HIMPUN.ID – Adm KAHMI Muda Gorontalo Siswan Ahudulu menyerukan agar organisasi pemuda mahasiswa bersama masyarakat Gorontalo bersuara dan bereaksi untuk menolak Revisi Undang-undang Pilkada, pasca Badan Legislasi (Baleg) DPR menyepakati Undang-undang Pilkada untuk dibawa ke rapat paripurna hari ini untuk disahkan menjadi Undang-undang.
Menurut Siswan, akrobat di akhir masa jabatan DPR ini telah menuai banyak kritikan para pakar hukum Tata Negara dan ahli Kepemiluan karena Revisi UU Pilkada yang dikebut dalam sehari kemarin dikatakan sebagai usaha pembegalan terhadap konstitusi.
“Revisi UU Pilkada terdapat poin-poin yang menganulir putusan Mahamkah Konstitusi terkait syarat ambang batas pecalonan hingga usia calon kepala daerah yang sudah diputuskan kemarin melalui putusannya nomor 60/PUU-XXII/2024 dan 70/PUU-XXII/2024 yang telah memberikan angin segar untuk alam demokrasi di Indonesia. Padahal kita semua tahu bahwa hasil keputusan MK itu bersifat final dan mengikat dan harus dilaksanakan oleh presiden sekalipun. Hal ini merupakan amanat UUD 1945 hasil amendemen pada pasal 24C,” terang Siswan melalui keterangan tertulisnya diterima himpun.id Kamis 22 Agustus 2024.
Dijelaskan Siswan, untuk menjamin kepastian hukum, DPR atau Presiden sebagai lembaga negara yang berwenang membentuk undang-undang, harusnya menindaklanjuti putusan MK.
“Bukan kemudian melakukan tafsir akrobatir yang terkesan mengakali dan penuh tendensius terhadap putusan MK. Mengapa disebut akorbatir dan tendensius? Karena proses revisi-nya yang terlihat dipaksakan secepat kilat dan isinya yang meng-akali bahkan menganulir keputusan MK terkait syarat ambang batas pecalonan hingga usia calon kepala daerah yang sudah diputuskan,” ungkap Siswan.
“Misalnya, bagaimana bisa syarat pencalonan yang diputuskan MK hanya akan diberlakukan pada partai non parlemen sedangkan partai yang mempunyai kursi tetap diberlakukan syarat pembatasan.”
“Ini logikanya di mana? Yang tidak punya kursi dimudahkan dan bisa mencalonkan, kok yang punya kursi jadi ribet amat dan tidak bisa mencalonkan akibat adanya pembatasan 20 persen?.” imbuhnya.

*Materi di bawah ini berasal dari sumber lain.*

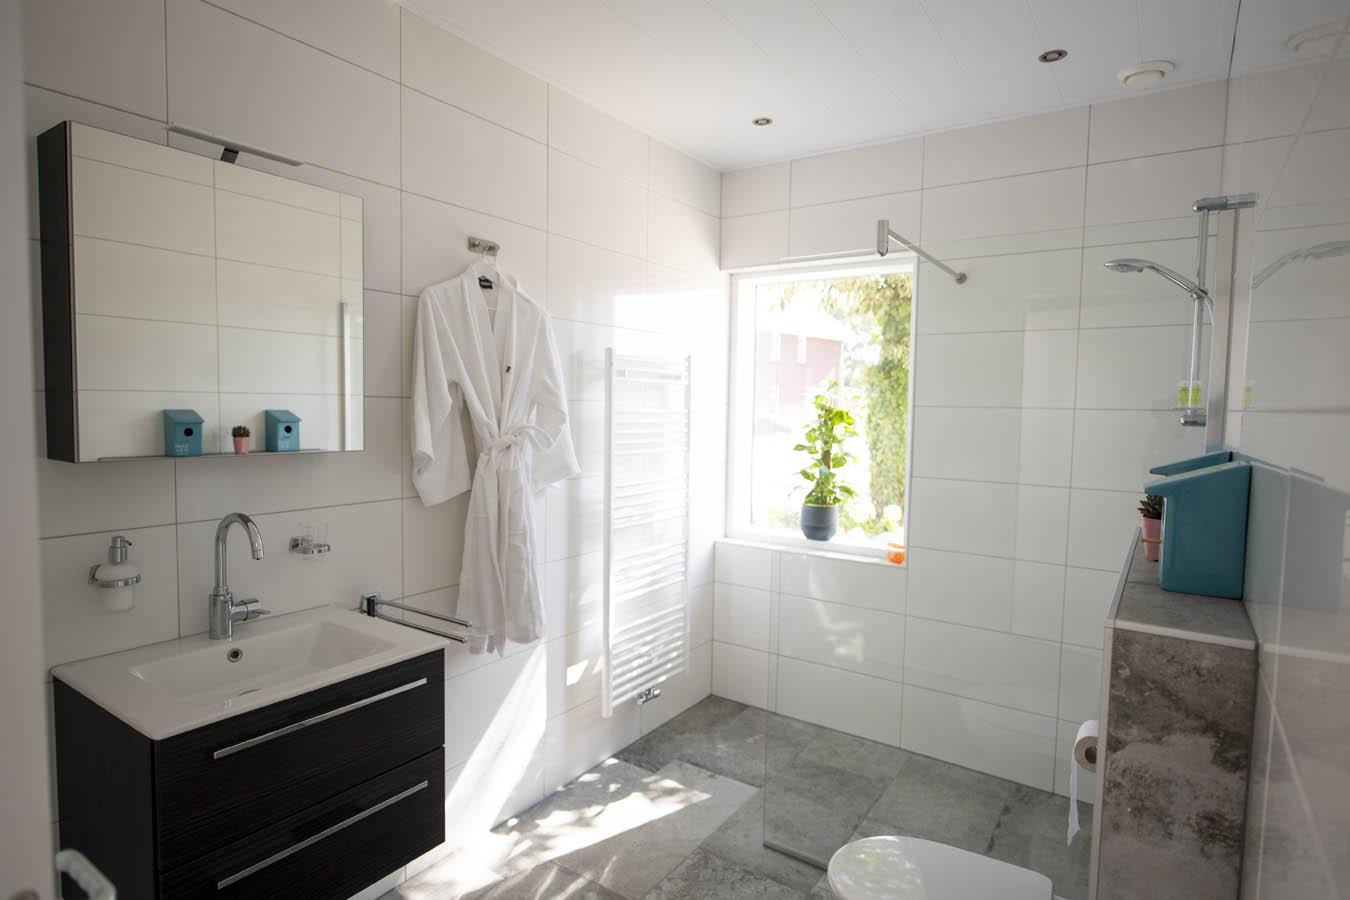 Badkamer Televisie Draadloos : Badkamer tv voorbeelden van tevreden klanten inbouw tv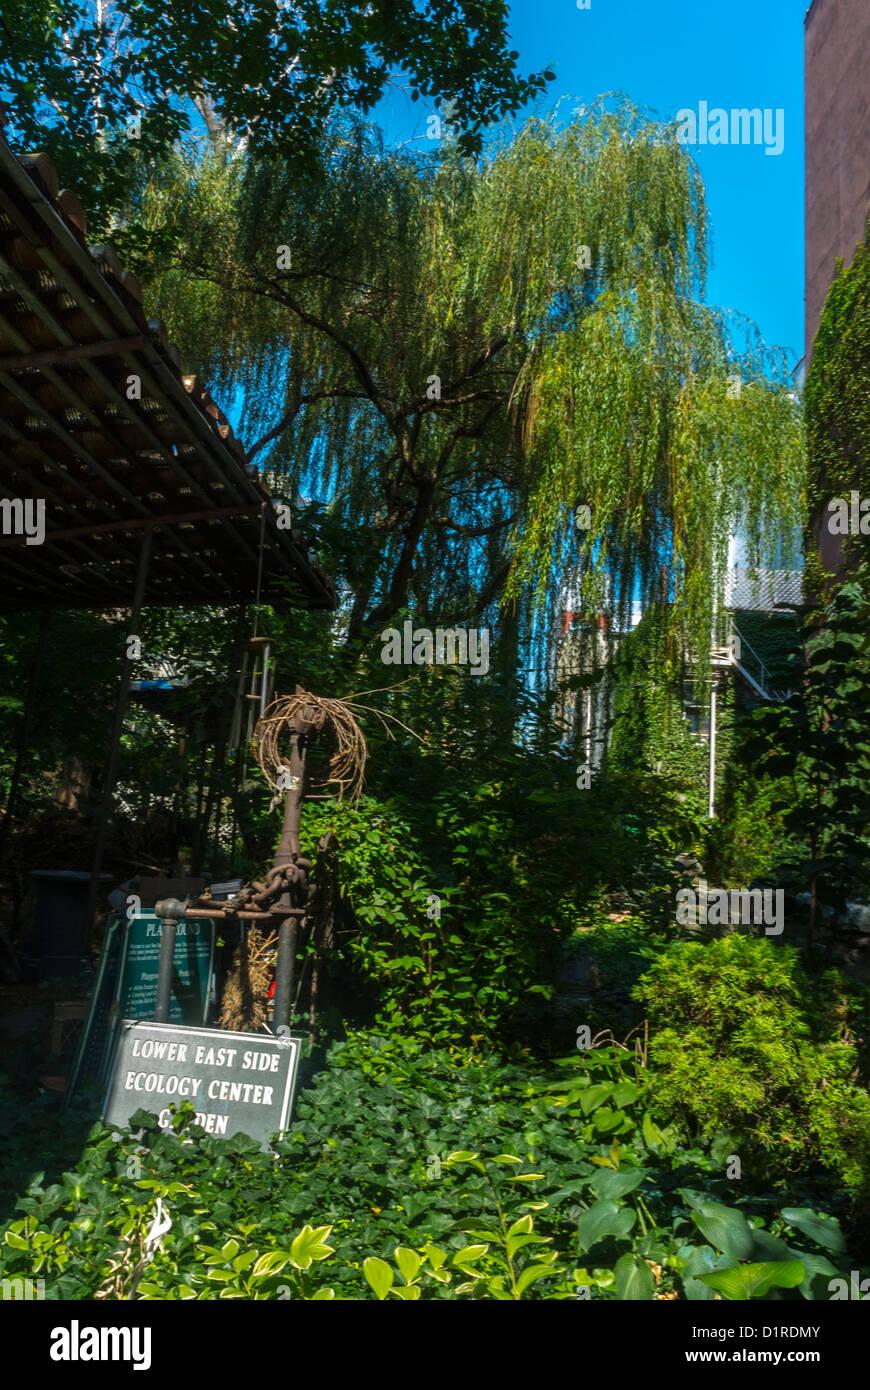 New York, East Village Sixth Street Community Garden, Scenes, Local neighbourhoods - Stock Image

Dikatakan Siswan, petunjukkan sehari dua hari yang dilakukan DPR saat ini bisa berakibat pada dampak jangka panjang dari setiap perubahan regulasi yang berpotensi mengacaukan proses demokrasi di Indonesia.
“Setiap hukum dan regulasi jadinya tidak punya kepastian, karena bisa dirubah sesuai dengan pesanan kelompok-kelompok yang merasa berkuasa dan punya kepentingan. Apa jadinya negara besar dengan 200 juta penduduk ini jika terus terjadi pembiaran terhadap penyalahgunaan wewenang dan kekuasaan oleh segelintir oknum pejabat publik,” jelas Siswan.
Siswan yang juga merupakan koordinator komunitas Pengkajian Opini Masyarakat ini meminta pula agar perwakilan DPR dan DPD asal Gorontalo bersikap dan menyuarakan hal yang sama terkait Revisi UU Pilkada yang mengancam demokrasi Indonesia saat ini.
“Meskipun nanti tidak akan di dengar oleh pimpinan partainya ataupun suara mereka hanya akan tenggelam oleh mayoritas suara di DPR, namun setidaknya, anggota DPR dan DPD dari Gorontalo telah menunjukkan sikap yang sesuai dengan aspirasi rakyat Gorontalo yang memilhnya, untuk tidak menjadi bagian dari pembegalan konstitusi atau bahkan pemunduran demokrasi di negeri ini,” tegasnya.